What is being asked ▸
Return nothing but the lines from the one with "Pixel Art Christmas" through the one with "Character Design Oc" in the data below, word for word and without pictures.

Dataset entries
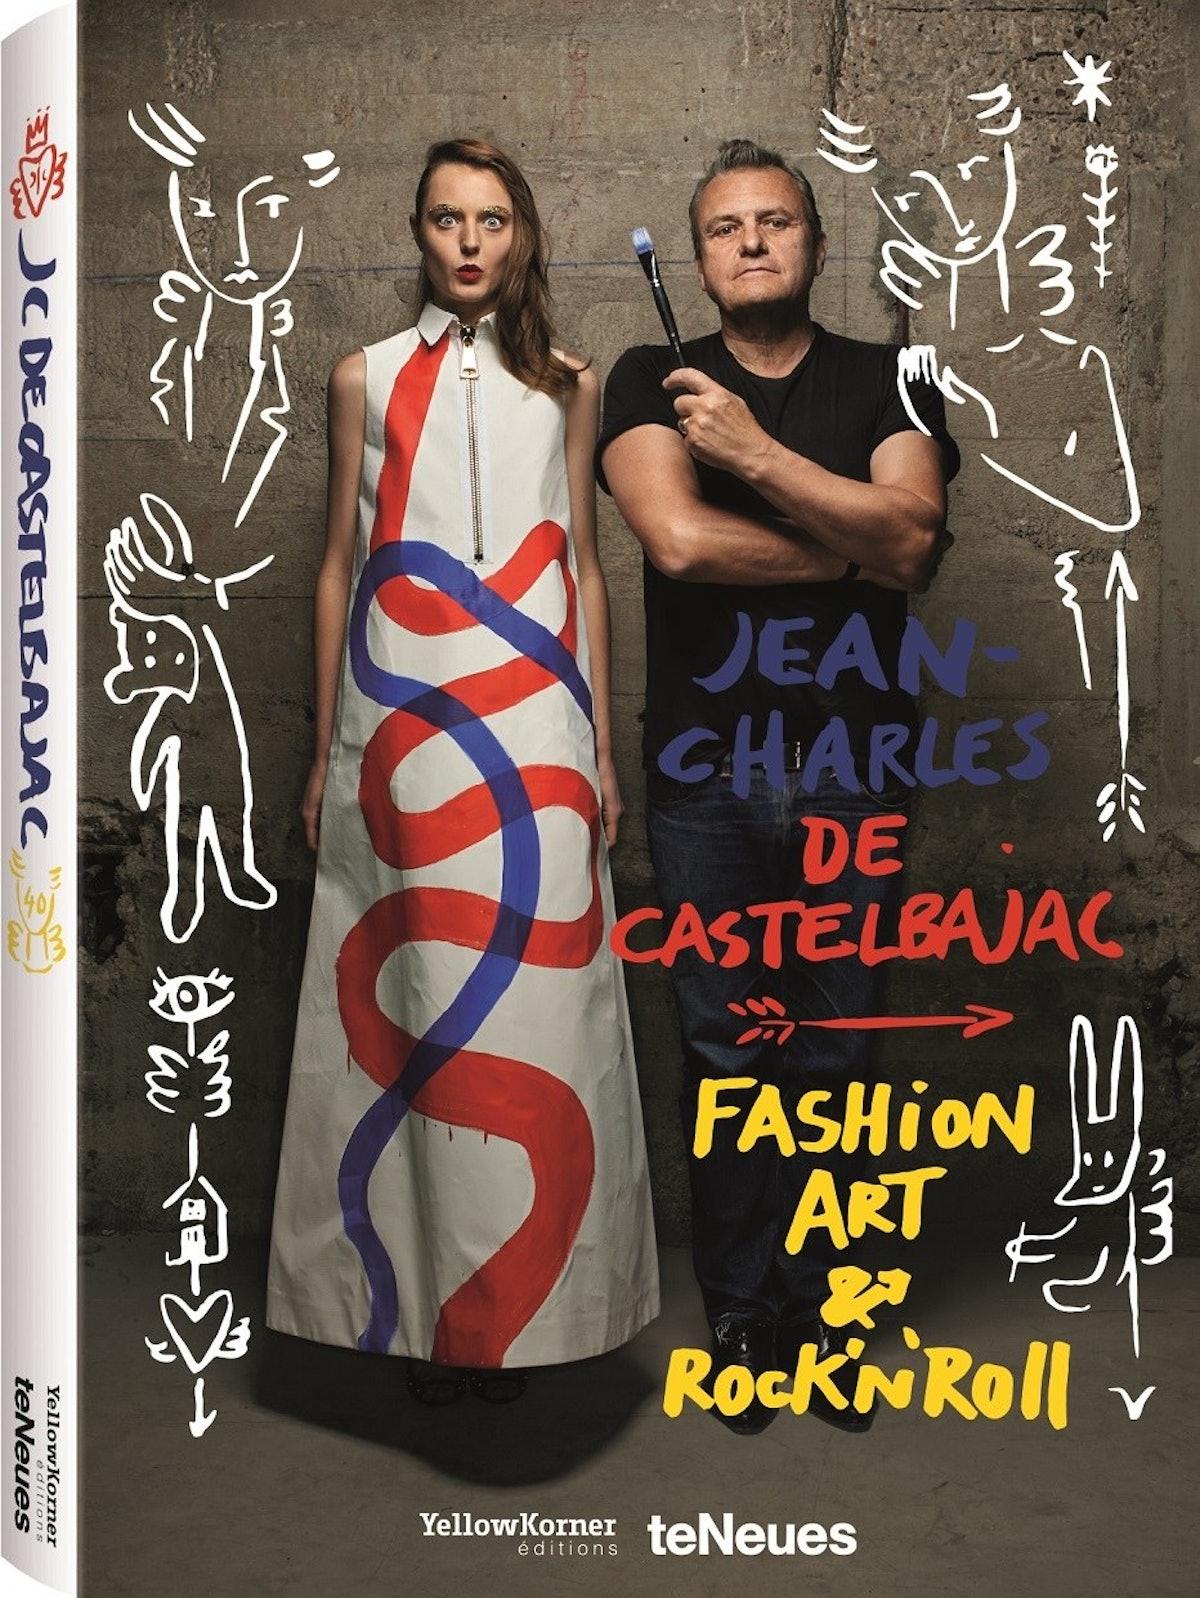 cover of Castelbajac web.jpg
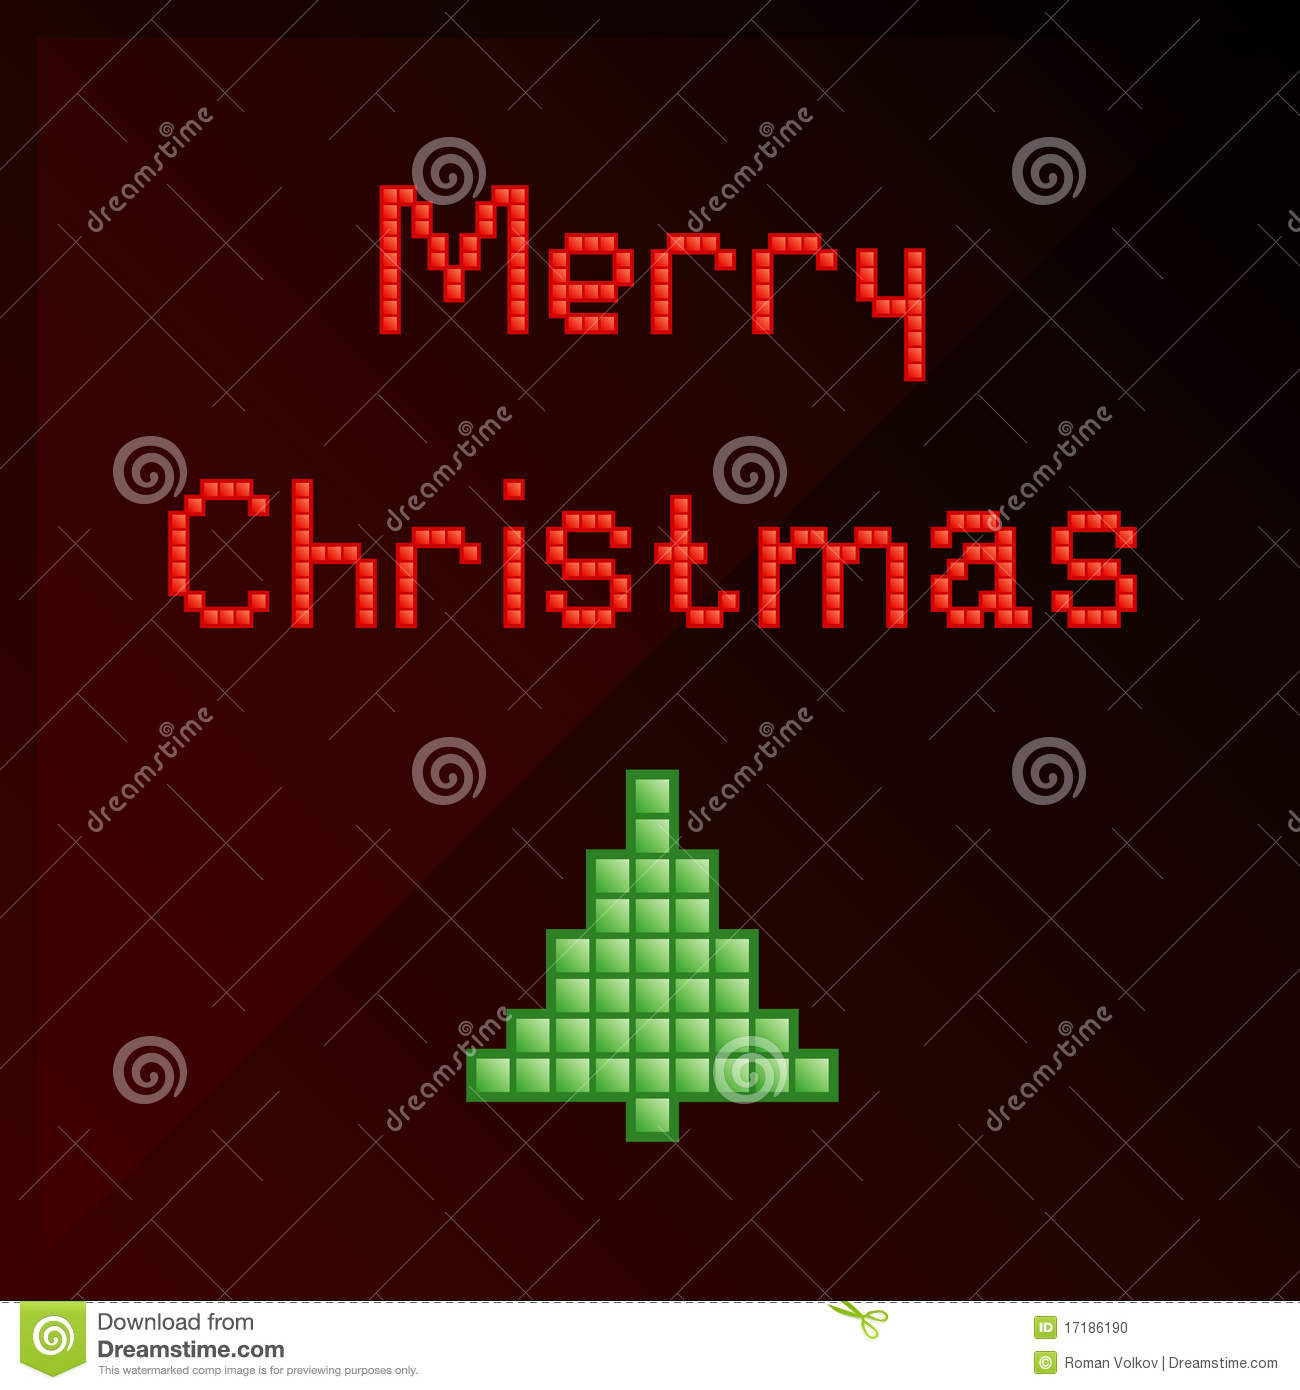 Pixel Art Christmas Card Stock Vector. Illustration Of Merry avec Pixel Art De Noël
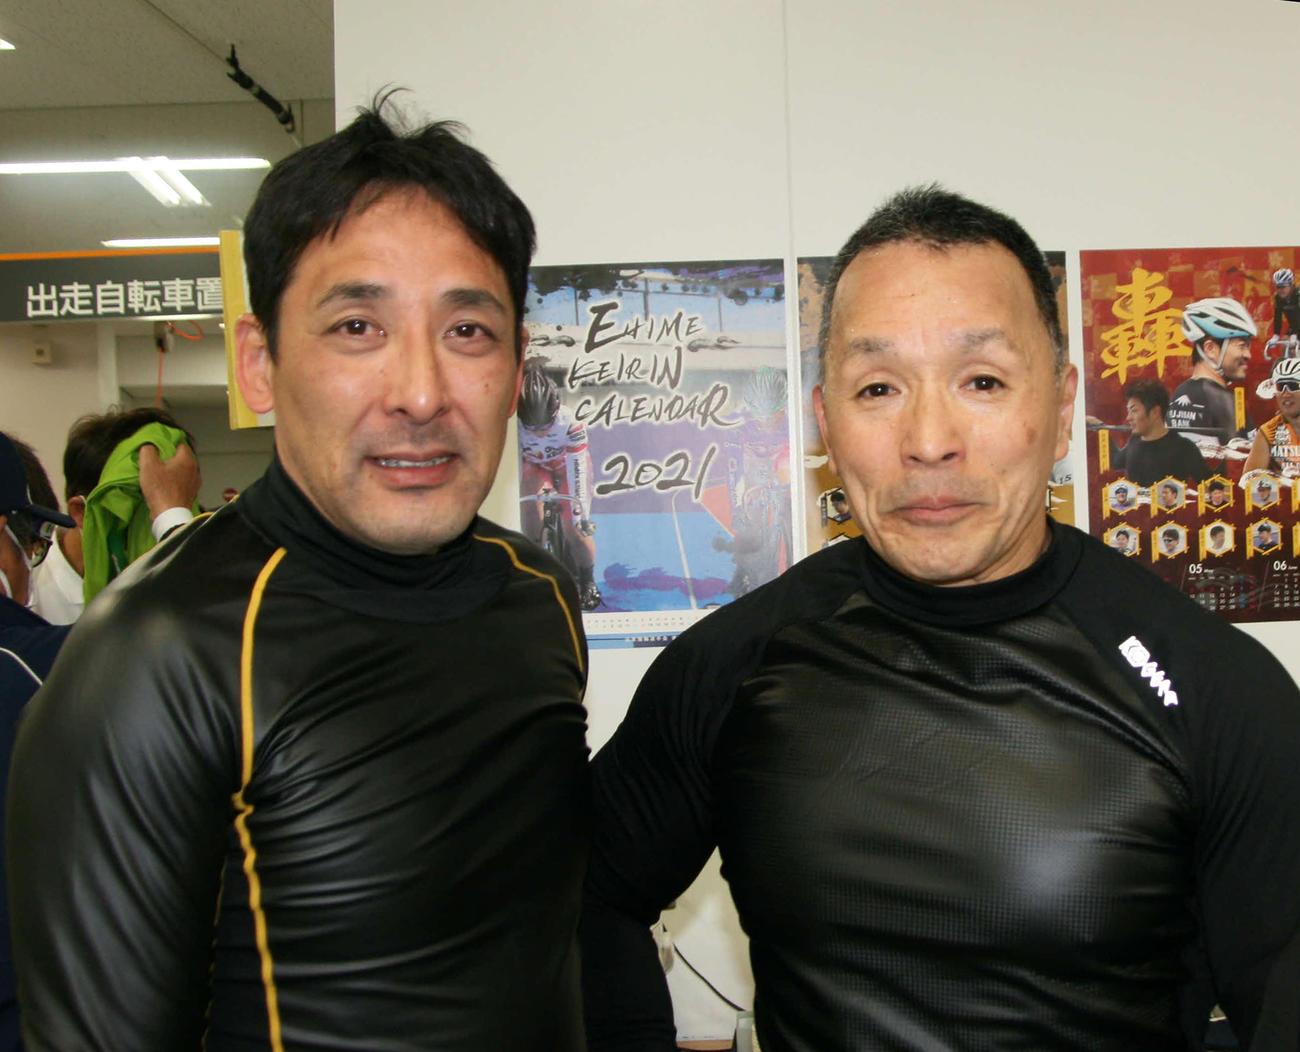 1Rは柳沢達也(左)と中武克雄で足して105歳のベテランコンビがワンツーフィニッシュ(撮影・秋山正則)
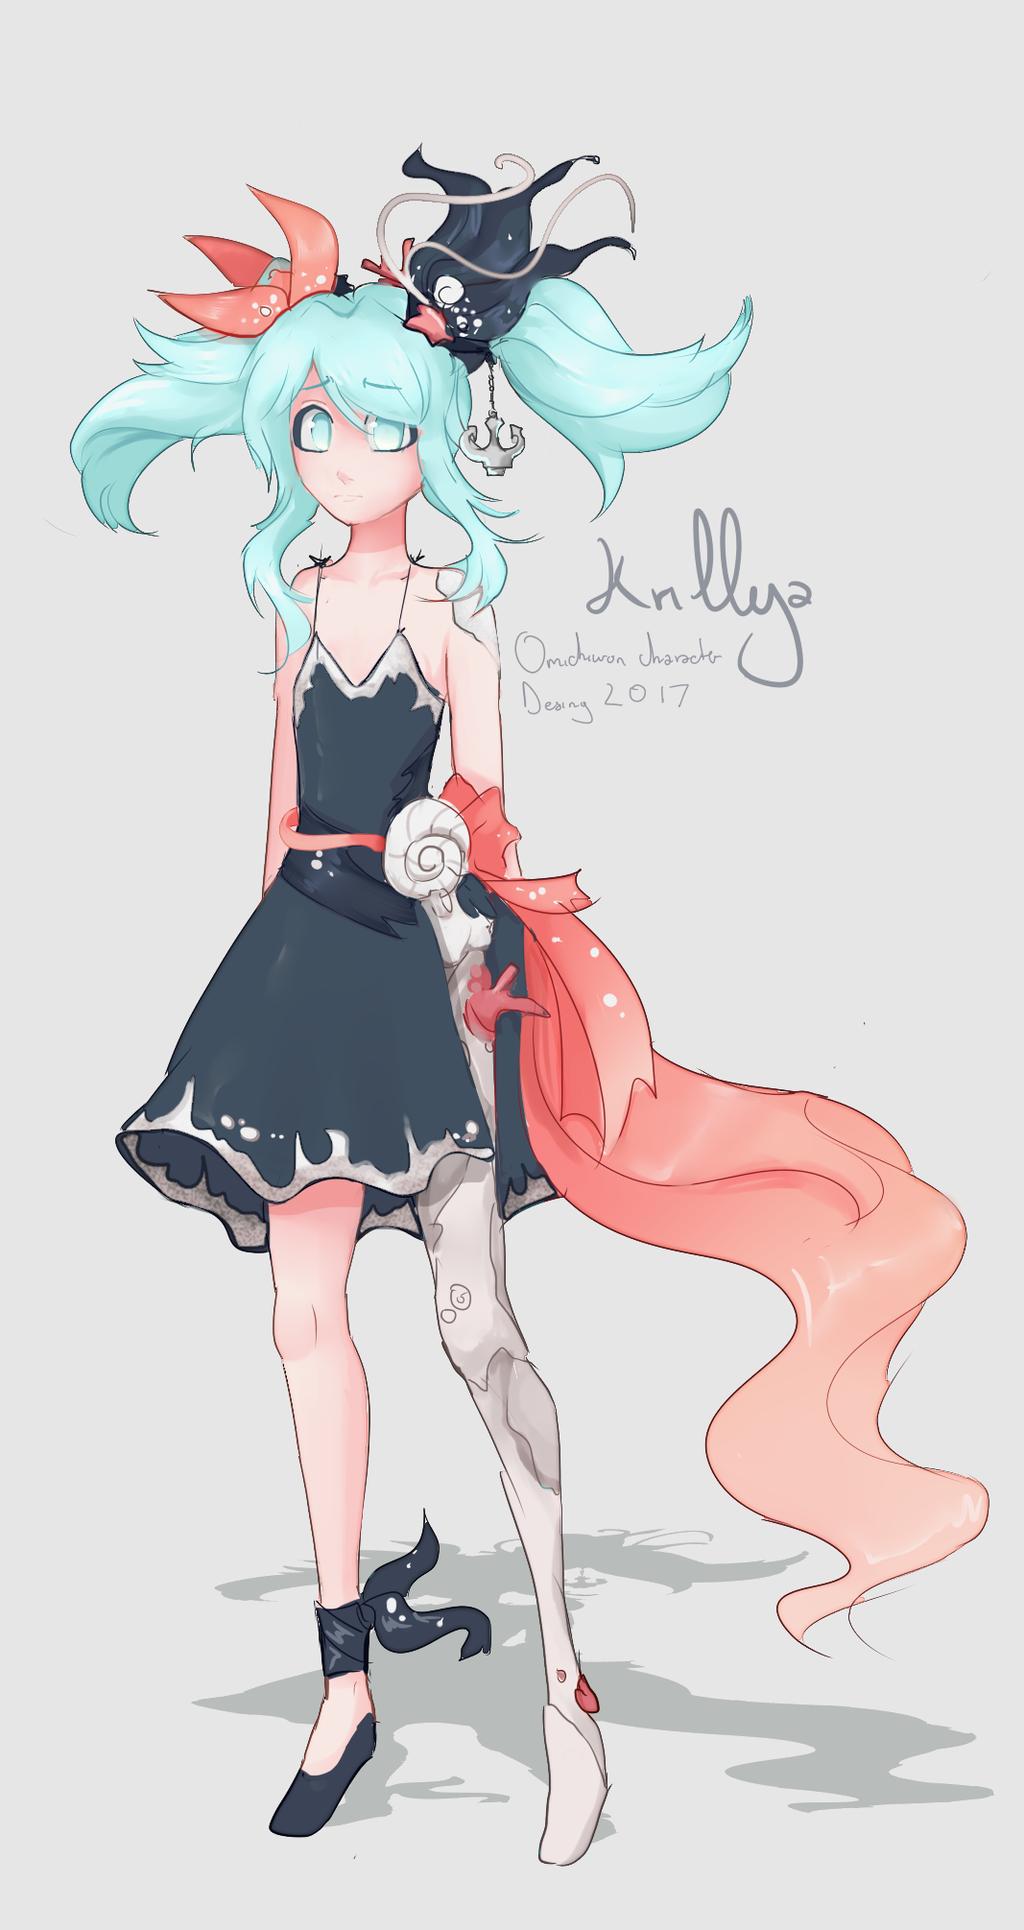 Character Design Oc : Krillya oc character design by omichiwon on deviantart
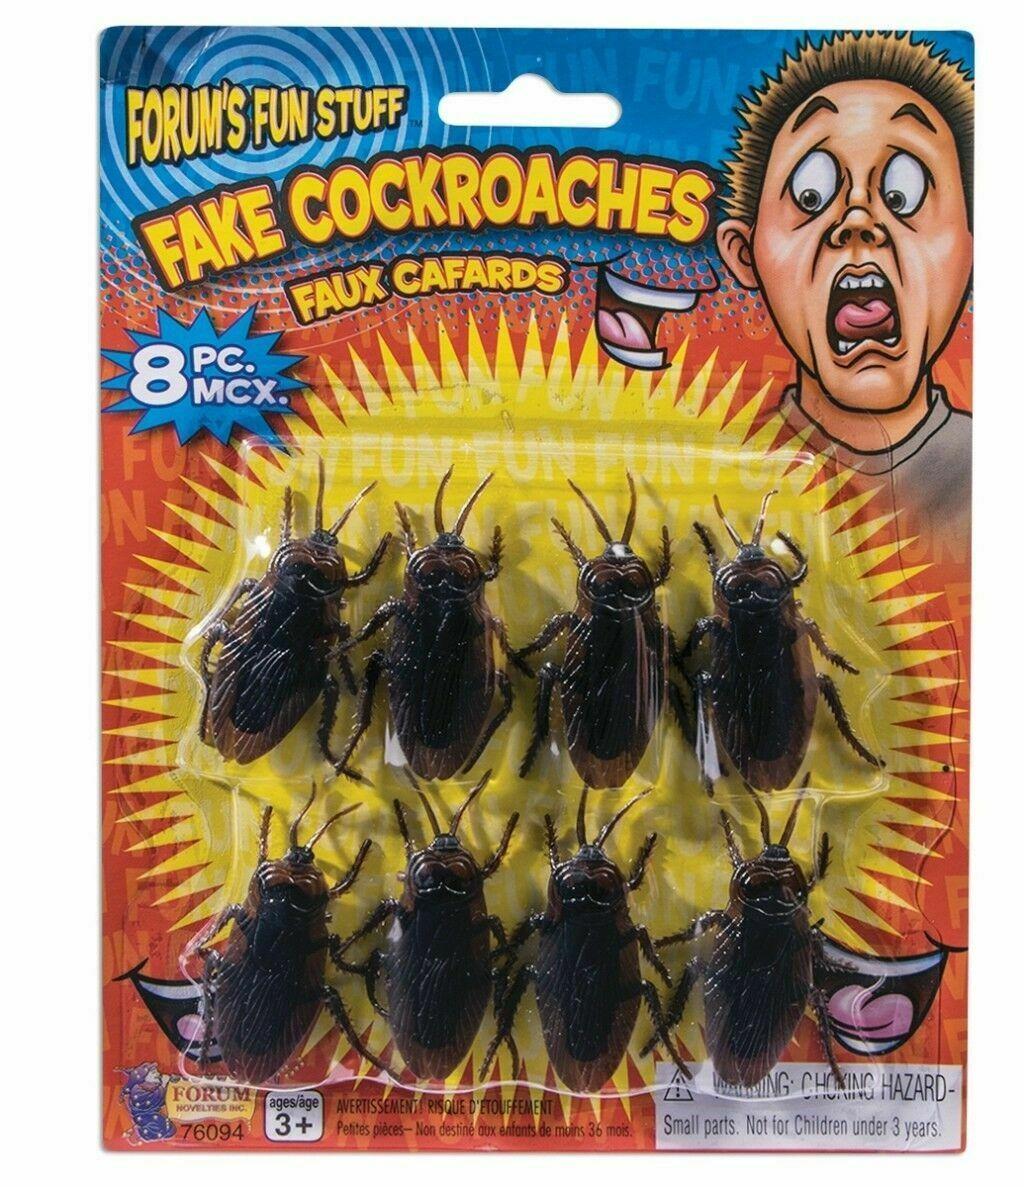 8 pc Fake Cockroaches Roach Bugs Scaring Prank Gross Halloween Trick Joke Prop

Solution below ▸
 Pixel Art Christmas Card Stock Vector. Illustration Of Merry avec Pixel Art De Noël
 1Rは柳沢達也(左)と中武克雄で足して105歳のベテランコンビがワンツーフィニッシュ(撮影・秋山正則)
 Character Design Oc : Krillya oc character design by omichiwon on deviantart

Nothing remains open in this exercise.